Степан Андреевич вскочил.
— Я вам донесу его до дому. Разве можно вам, да еще раненой, носить такие тяжести!
— Вы, право, напрасно беспокоитесь.
— Нет, нет. Мои рыцарские чувства вопиют,
И он отнял у нее баул.
— Но вы «все-таки» еще навестите меня… Я в эти часы всегда дома…

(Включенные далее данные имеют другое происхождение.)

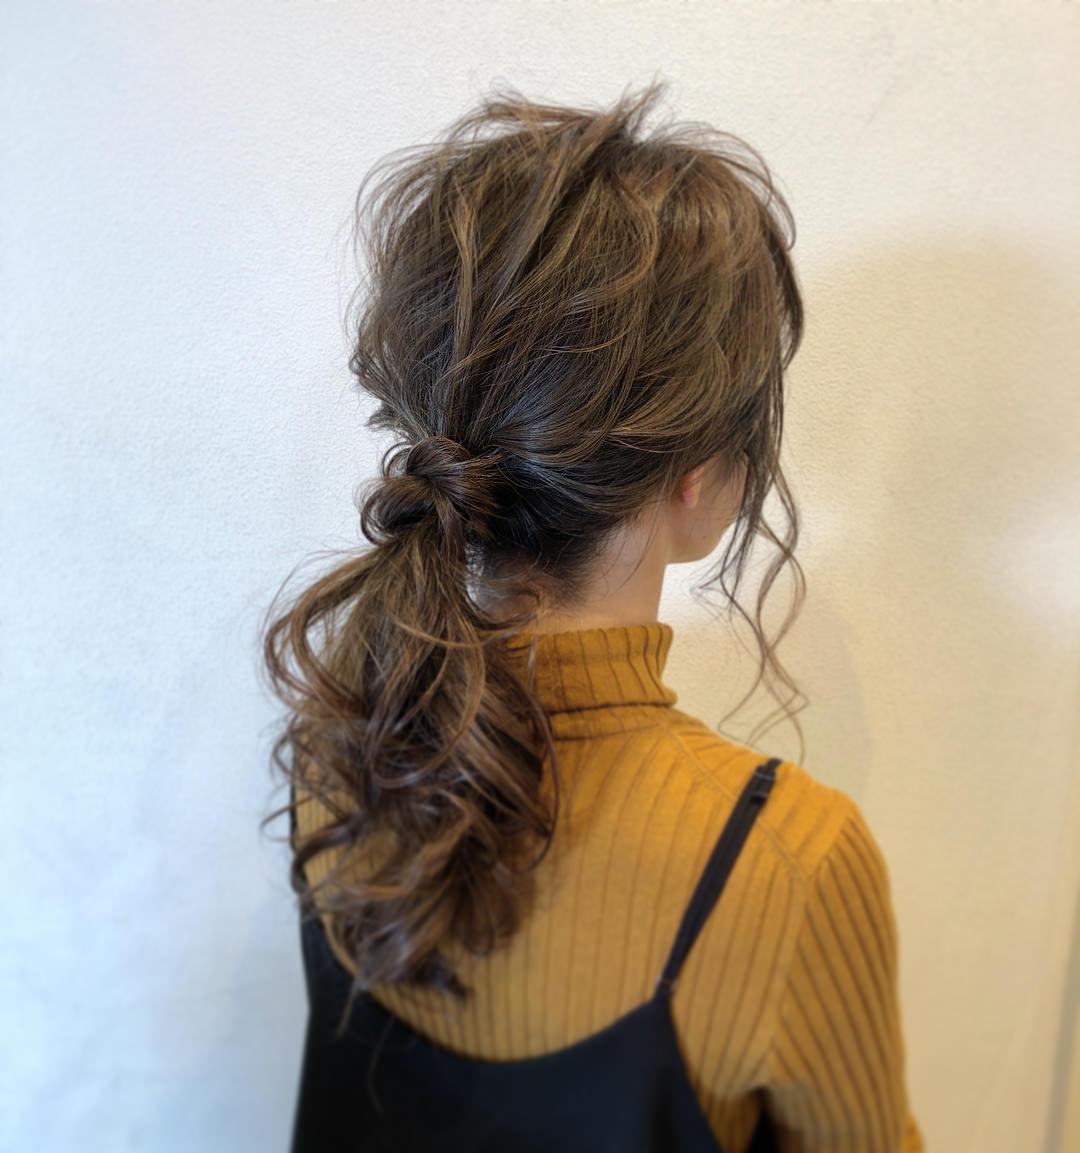 【保存版】トレンドの可愛いヘアスタイル・髪型47選大発表!48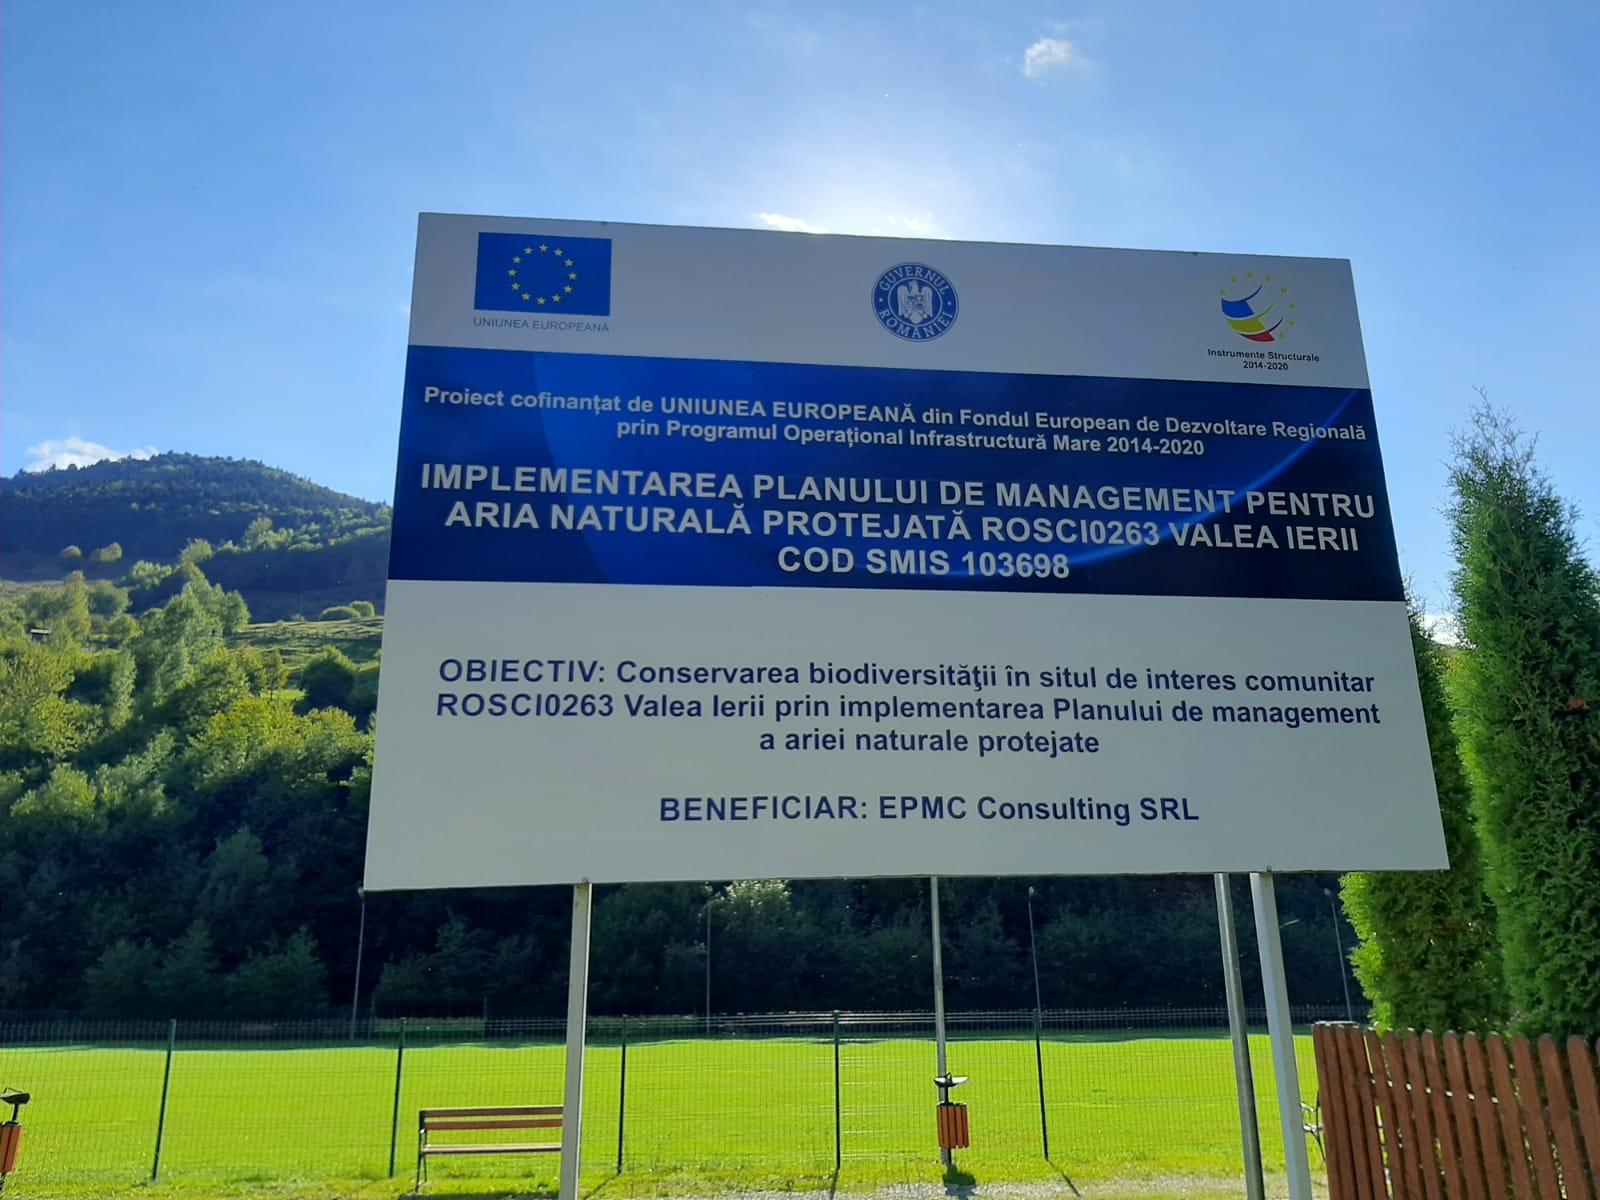 """Finalizarea proiectului cod SMIS 103698 """"Implementarea Planului de Management pentru aria naturală protejată ROSCI0263 Valea Ierii"""""""

Екатерина Сергеевна тоже поднялась.
— И я пойду. Надо за Марьей последить. Сегодня у нас молочный кисель. Как бы она молока не отхлебнула… Она на это способна. А потом на кошку солжет… А зверя не спросишь.
VIII. Баклажанский столп и утверждение
Степан Андреевич был плохой спорщик. При всяком споре прежде всего замирало у него сердце и нервически невпопад подергивалась физиономия. Такая уж была у него натура. Обижался при этом он страшно на чужое мнение и долго не отходил. В данном случае обиделся он и рассердился неизвестно на что, а вернее, бессознательно на себя самого, ибо противница говорила, как выяснилось, его же слова. И почему бы ему было оскорбляться на большевиков? Дух противоречия или дурацкая ошибка вышеописанного червячка. Во всяком случае, идя с Пелагеей Ивановной по усаженным акациями улицами, он сказал сердито:
— Я вполне понимаю ее мужа. И я бы уехал. Глупость какая: не могла оставить платья. И потом эти кошки.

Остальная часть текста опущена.